GUEST AUTHOR: Ryan Paris, Virginia Department of Health

*This is the third of a 4-part weekly series on radon in real estate

Virtually every home can be successfully mitigated. No mitigation system can bring the indoor radon level down to zero, but about 75% of the time, a well-designed system will reduce the radon level below 2.0 pCi/L. Most professional mitigators will only guarantee getting the level below the EPA action level of 4.0 pCi/L.

The most common method uses a collection pipe which penetrates the material located under your slab or crawlspace. This pipe is attached to an electric fan that runs continuously to supply suction. The fan cannot be located in livable space or in any space below livable space, like a basement or crawlspace. The discharge pipe must eventually terminate a minimum of 12 inches above the gutter edge of the roof. Mitigation guidance documents list several other restrictions which help prevent the discharge gas from reentering the house or exiting within anybody’s potential breathing zone.
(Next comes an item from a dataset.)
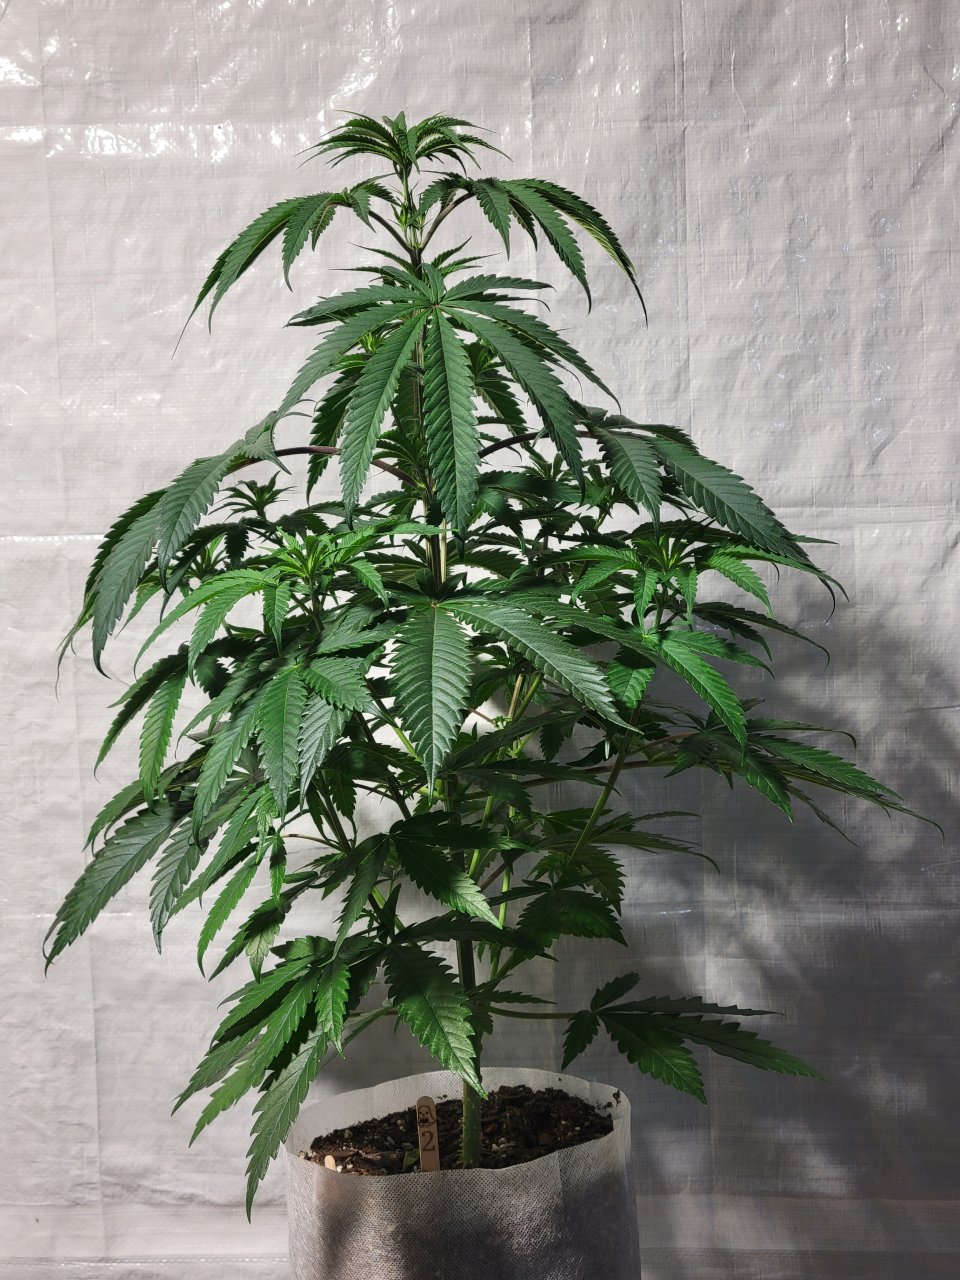 Purple Ghost Candy #2 front day 59

Although it is most efficient to run the pipe through the interior or the home, in most cases, most of the pipe and fan will be attached to the outside of the home. The end of the discharge pipe should be straight up—no cap or deflector is necessary. A screen over the opening is recommended to keep out debris and animals. After the system is running for a minimum of 24 hours, the home should be retested to verify that it has lowered the indoor radon to an acceptable level.